Trading Education

Why Does Technical Analysis Work

Technical analysis tips

Technical analysis works for those who apply it correctly because of three primary factors: probability, testability, and diversity of opportunities.

First, understanding the effectiveness of technical analysis requires viewing the concept through a lense of probability, rather than a lense of winning and losing. That is, a successful technician doesn’t have to be right all the time, he/she only has to be right frequently enough to generate a profit above his/her respective benchmark. In some cases, this may mean only being correct 51% of the time. Because markets are not completely random (far from it), patterns are guaranteed to emerge and probability can turn those patterns into profits. This is the most basic foundation for all technical analysis. 

Testability

Next, testability is vital to successful technical analysis, and any trading strategy which does not utilize the power of backtesting is extremely likely to fail (hint: most retail traders don’t use backtesting tools). Although backtesting will not be 100% accurate, it lends itself to accomplishing the aforementioned objective of having an adequately high probability of success. 

Diversity of opportunities

Finally, the diversity of opportunities prevents technical analysis from becoming stale because there are always new securities, markets, and trends for traders to find. Consider all the stocks, bonds, ETF’s, currencies, and derivatives that are currently traded. Now consider all the possible hourly/daily/weekly trading patterns which can exist in those assets, the number is effectively infinite. 

Now, imagine a scenario where your strategies have an 80% success rate when backtested and your backtesting turns out to be 65% accurate. For simplicity, let’s also suppose that “correct” trades double your money and “incorrect” trades lose all of it. Additionally, let’s suppose that 35% of backtesting inaccuracies result in losing your entire investment as well. You can test this with a sample investment of $10,000:

  • 80% success rate means for every $1 invested you will make $1.60
    • Out of 100 cents, 80 cents is “correct” (doubles) and 20 cents is incorrect (goes to 0)
    • ($.80 * 2) + ($.2 * 0) = $1.60
  • Now, if your backtesting produces an 80% success rate 65% of the time and a 0% success rate 35% of the time, you can calculate your return:
    • 65% of $10,000 = $6,500, 
    • 35% of $10,000 = $3,500
      • (6,500 * $1.60) + ($3,500 * 0) = $10,400
  • You’ve now made $400 while being wrong a substantial proportion of the time!
    • Now imagine if you had done this with $100,000!
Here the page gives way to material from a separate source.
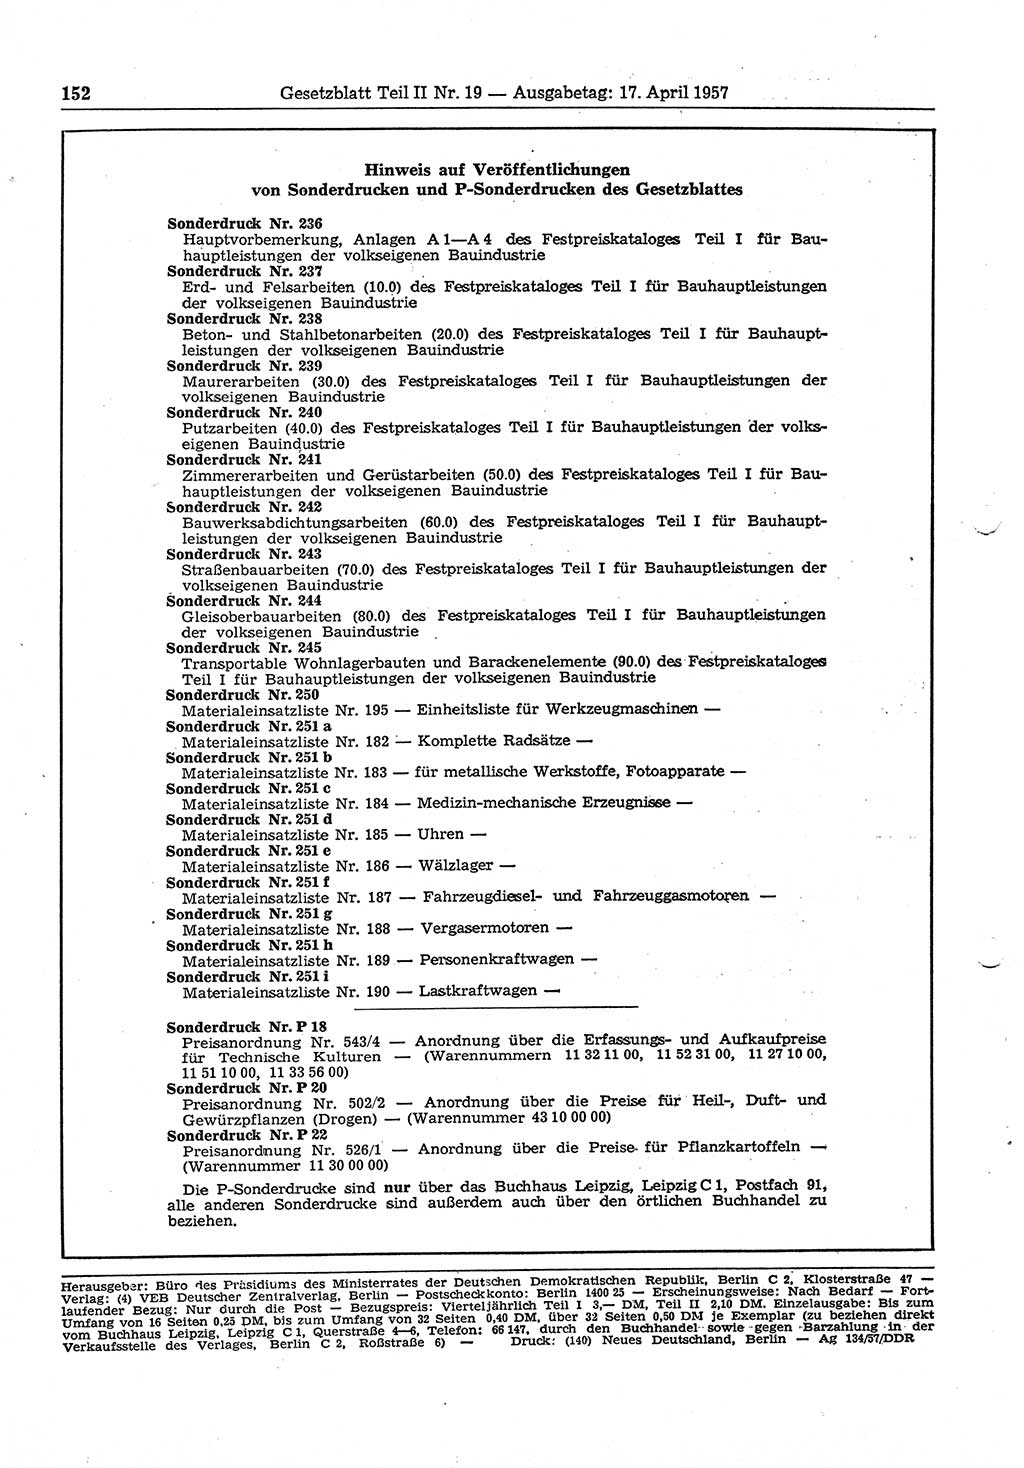 Gesetzblatt (GBl.) der Deutschen Demokratischen Republik (DDR) Teil ⅠⅠ 1957, Seite 152 (GBl. DDR ⅠⅠ 1957, S. 152)

**Notably, real “incorrect” trades are unlikely to cause a complete loss of capital and real backtesting failures are also unlikely to do so. 

Apply the knowledge correctly

Once again, technical analysis works only if you can apply this knowledge correctly; many traders lack the emotional stability, discipline, and tools required to do so. Emotional stability involves staying calm amidst the rapid changes occurring in front of you and not losing your cool when you take a loss (remember it’s about probability not guarantees). Discipline requires you to research and analyze your strategy carefully, not jumping in until your plan is set. Being disciplined also requires you to recognize when a strategy isn’t working instead of throwing good money after bad. Finally, the right tools (software) is necessary to consistently execute any set of trading strategies. This doesn’t mean multi-million dollar trading floors (unless you are managing billions of dollars), however, it does mean having software that allows backtesting, responds quickly, and is visually understandable. 

These are the external and internal components that make technical analysis work.